“Mum, you are home, I missed you so much”, says the daughter of my 24-year old friend. After a long working day, we finally arrived at her home to drink a cup of coffee. My friend became a mother when she was only 18, even when she had dozen of plans for the future: she wanted to finish secondary school with distinction and apply for the Design Faculty; she wanted to visit different countries and go to parties every Friday. She wanted… Does she regret the occurrence and her current life? No, she does not. She is not rich and she has to combine the work with her studies in order to manage with survival, she is tired for the most part of the week and her travelling plans have been put away for a while. But she is the happiest person and the most thoughtful mother I have ever met.
At the same time I would like to provide the picture of another woman living in my hometown and being of the same age as my friend. Even their life stories are quite similar – early pregnancy, refusal for the majority of their dreams, nurturing children alone. However, that woman’s chosen life path is totally different. She does not work. She does not have any education; neither is willing to get a degree. She has five children for the moment, and none of them looks happy. How could they? They have been given a birth just for one purpose – to help to get social benefits from the government.
Looking to these young women almost every day, I started to think what arouses mother’s love to her child. Is it her husband’s or boyfriend’s care? A successful career? The fulfillment of her own dreams? High material provision? Probably. But where does love appear from when all these conditions are missing?

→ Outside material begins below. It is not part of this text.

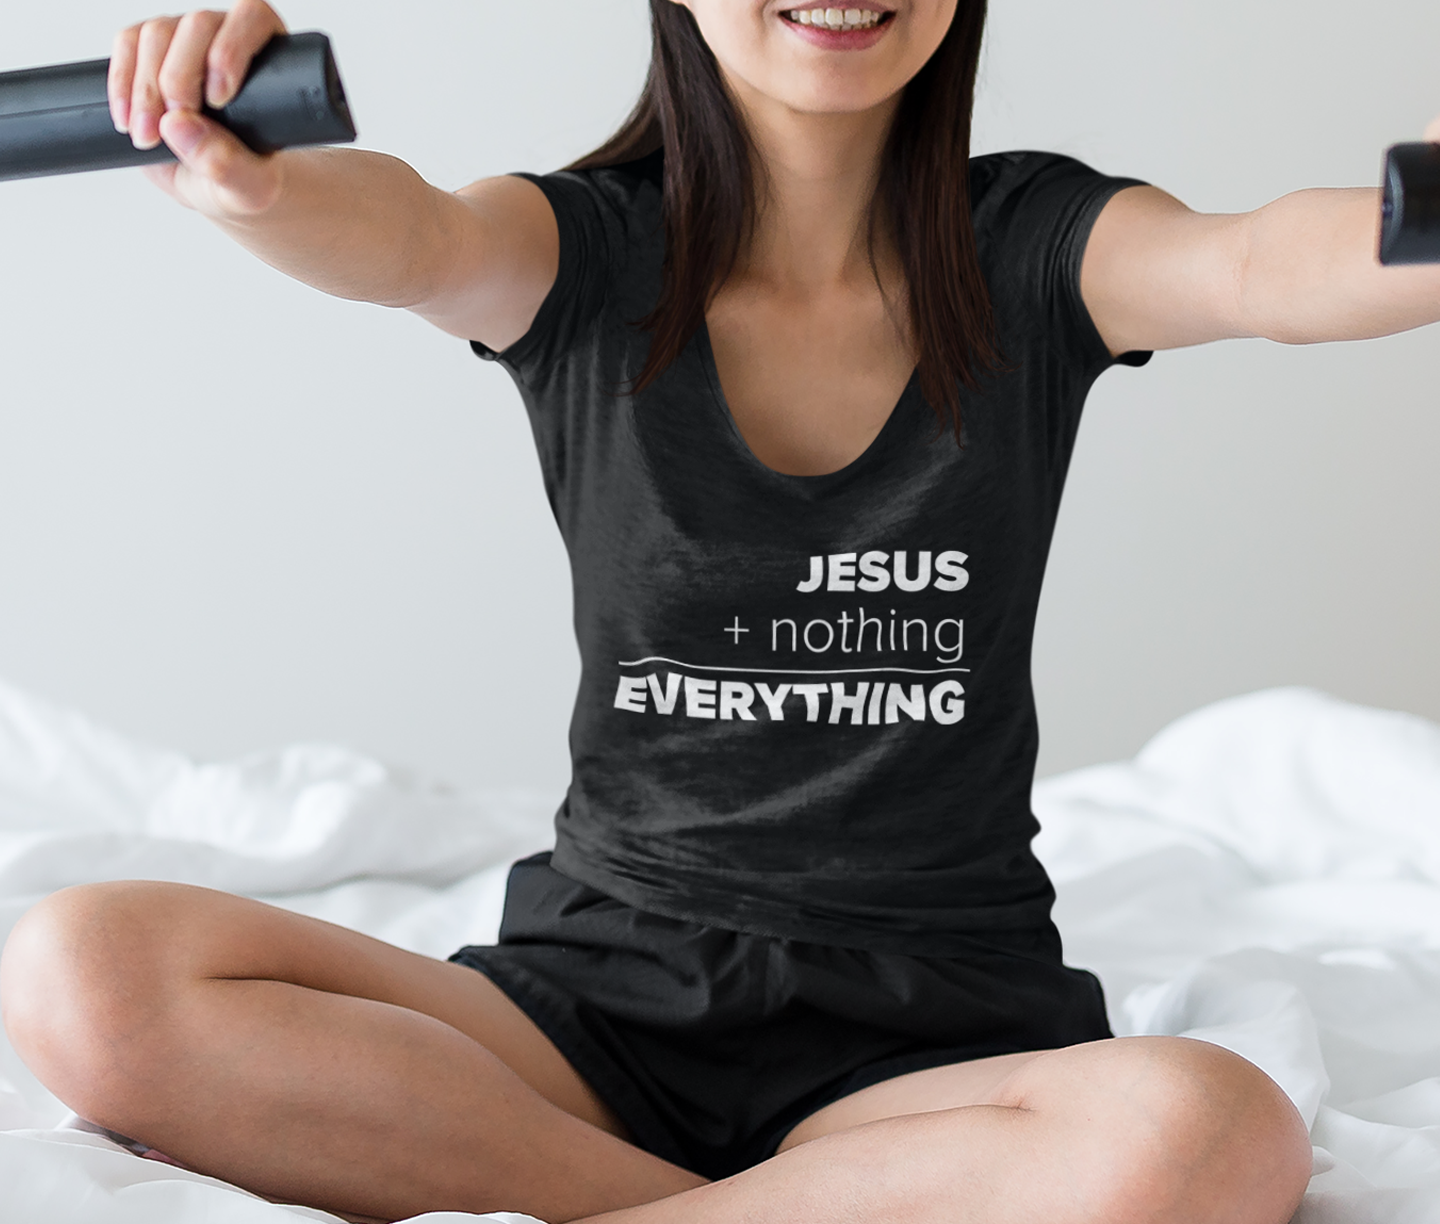 JESUS EQUALS EVERYTHING WOMEN'S FRONT - CHRISTIAN T-SHIRT

First of all, love derives from early childhood and is being inherited from the parents and the values they used to teach their offsprings. If they managed to show that love does not depend only on financial well-being, but it consists of all the small week day joys, problems and challenges, the young girl-mother will take these values to her life as well.
Secondly, the mother is able to love her child only in the case she loves and estimates herself. There are no researches made on this topic, but the reality shows that women with low self-esteem also can not love their child as much as they would want to.
And thirdly, love of the mother to the child derives from her love to the world and other people. The old proverb says: “If you love the world, you can love your child, as he is a part of the universe”.
So, we see that the love of a mother is not always an unconditioned state, very often there are some small, almost unperceivable criteria which have to be fulfilled before the woman can begin to love her child with every cell of her body.